The results of this optimization are stark. The chart below compares the “Flipping Rate” (how often a safe conversation turns unsafe) between a standard Supervised Fine-Tuned (SFT) agent and the Rejection Sampling (RSFT) agent. The RSFT agent is significantly more effective at breaking the target models.

Flipping Rates with SFT and RSFTRed-Team Agents Figure 6: Comparison of flipping rates between two redteam agent versions (SFT vs. RSFT) in multi-turn red teaming across three models, with lighter bars indicating the magnitude of improvement in flipping rates.

Experimental Results: How Vulnerable Are We?

The researchers tested several open-source models, including Alpaca, Vicuna, Llama-2, and Mistral. The results confirmed the hypothesis: models degrade over time.

Figure 4 shows the average safety score of models over 5 rounds of conversation. Notice the downward trend for almost all models. Alpaca (red circles) starts low and drops lower. Even robust models like Llama-2-7b-chat (purple triangles) show a decline as the conversation progresses.

Figure 4: Average safety scores for different models across five dialogue rounds.

An interesting anomaly is Mistral and Zephyr (the orange and green lines starting low). Their scores initially drop but then slightly rise. The researchers suggest this is a symptom of “insufficient alignment”—the models are essentially confused, oscillating between helpfulness and safety, sometimes recognizing a threat too late or inconsistently.

From Breaking to Building: Alignment

The ultimate goal of HARM isn’t just to break models, but to fix them. The paper demonstrates a “Detect-then-Align” loop.

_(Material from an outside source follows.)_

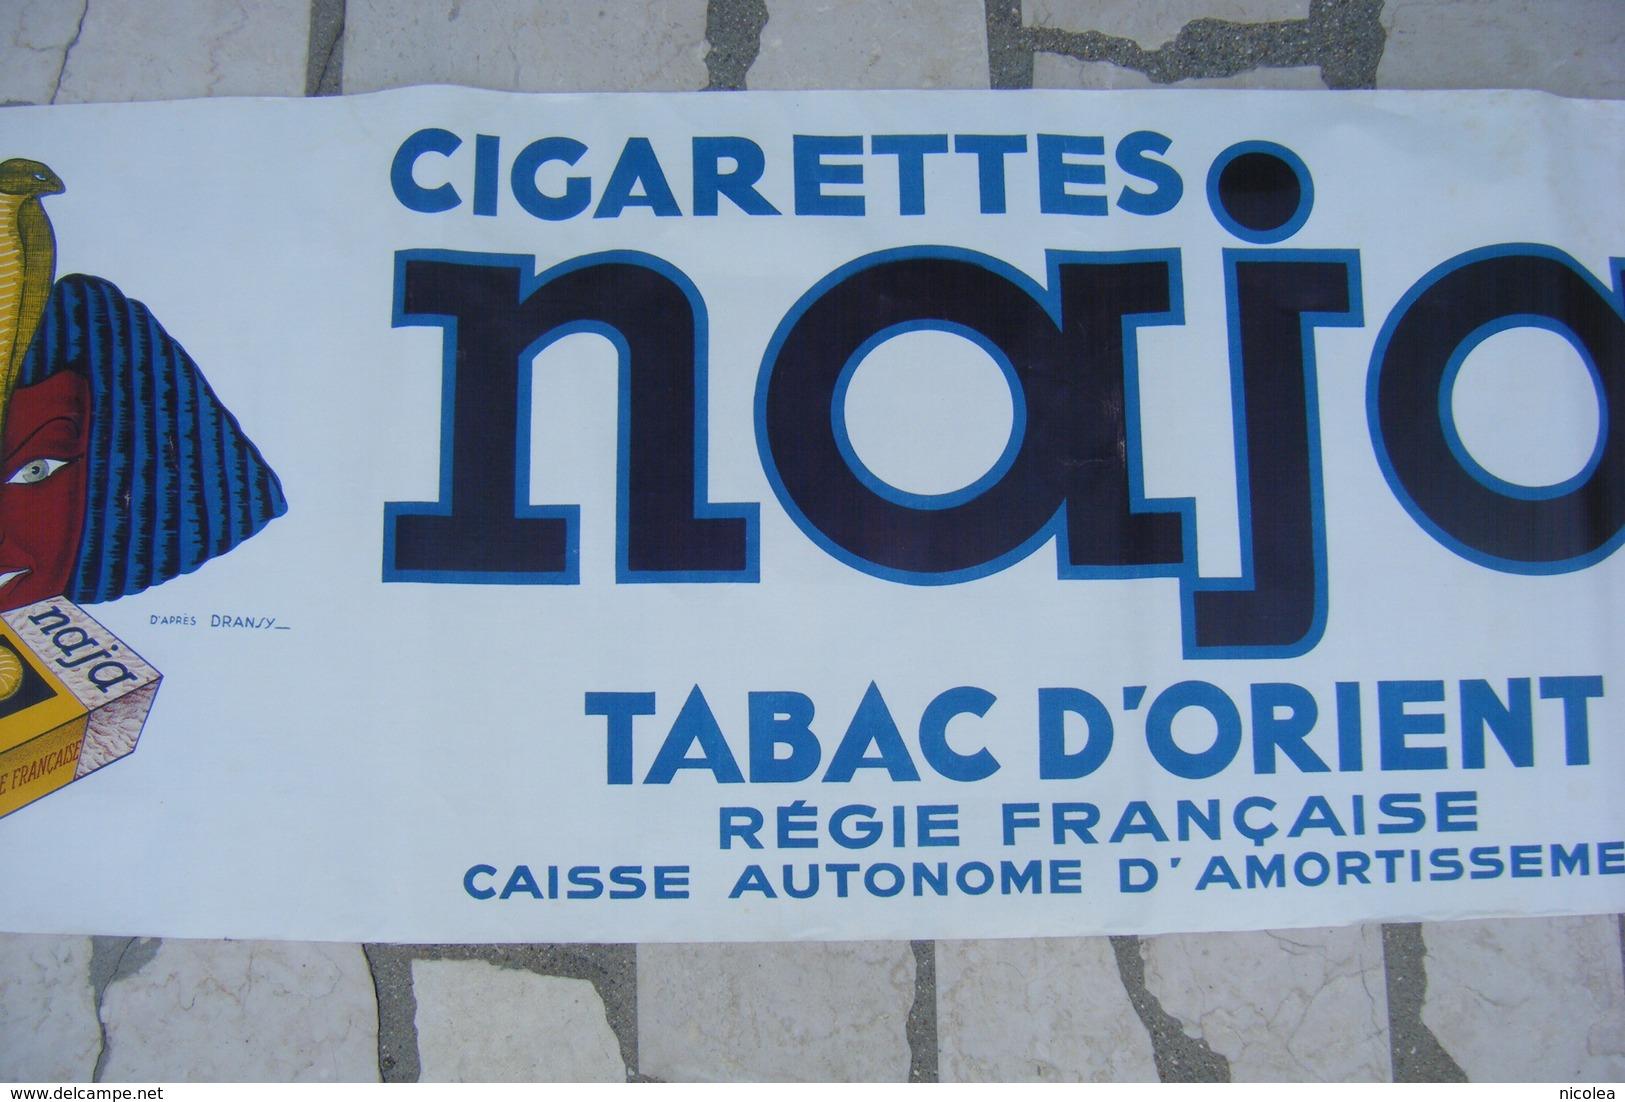 DRANSY GRANDE AFFICHE PUBLICITAIRE 1937 ENTOILEE CIGARETTES NAJA  119 X 39 CM Création De La Vasselais Paris - Altri

  1. Detect: They used the Red Team Agent to identify 3,808 “misaligned” (unsafe) responses from the Zephyr-7B-beta model.
  2. Correct: They used GPT-4 to generate safe, corrected versions of those specific failures.
  3. Align: They retrained the Zephyr model using Direct Preference Optimization (DPO), teaching it to prefer the safe GPT-4 responses over its own original failures.

The result was a new model: Zephyr-7B-safer.

The improvement was dramatic. The graph below shows the performance of the original beta model (Blue Bars) versus the new safer model. The “Flipping Rate” (the likelihood of being jailbroken) plummeted, and the safety scores (Red Lines) remained high and stable throughout the conversation rounds.

Figure 8: Blue bar graphs showing flipping rate changes with varying threshold values (T6 denotes a threshold of 6),and red line graphs illustrating the evolution of safety scores across different rounds.

But is it too safe?

A common criticism of safety alignment is that it ruins the model’s utility—the “false refusal” problem (e.g., refusing to explain how to kill a computer process because it contains the word “kill”).

The researchers tested this using XSTEST, a dataset of innocent prompts that look suspicious.

Table 3: False Refusal Rates of different models. Lower rates indicate better performance.Models with a‘-sys’ suffix denote the use of a safety-emphasising system prompt during inference.

As shown in Table 3, while the False Refusal Rate did increase for the safer model (from 2.8% to 16.0%), it remained far more usable than Llama-2-70B (26.8% or 48.4% with system prompts). This suggests that the HARM approach aligns models efficiently without completely crippling their helpfulness.

Conclusion and Implications

The HARM paper represents a shift in how we think about AI safety. It moves us away from static benchmarks and toward dynamic, adversarial testing.

By combining a top-down taxonomy (ensuring we check for everything from environmental crimes to subtle bias) with multi-turn agents (ensuring we check for persistence and manipulation), HARM offers a rigorous stress test for LLMs.

Most importantly, this work proves that automated red teaming is a closed loop. The vulnerabilities found by the Red Team Agent are the exact training data needed to patch the model. As LLMs become more capable, our methods for testing them must become equally sophisticated. HARM suggests that the best way to make an AI safe is to train another AI to try and break it.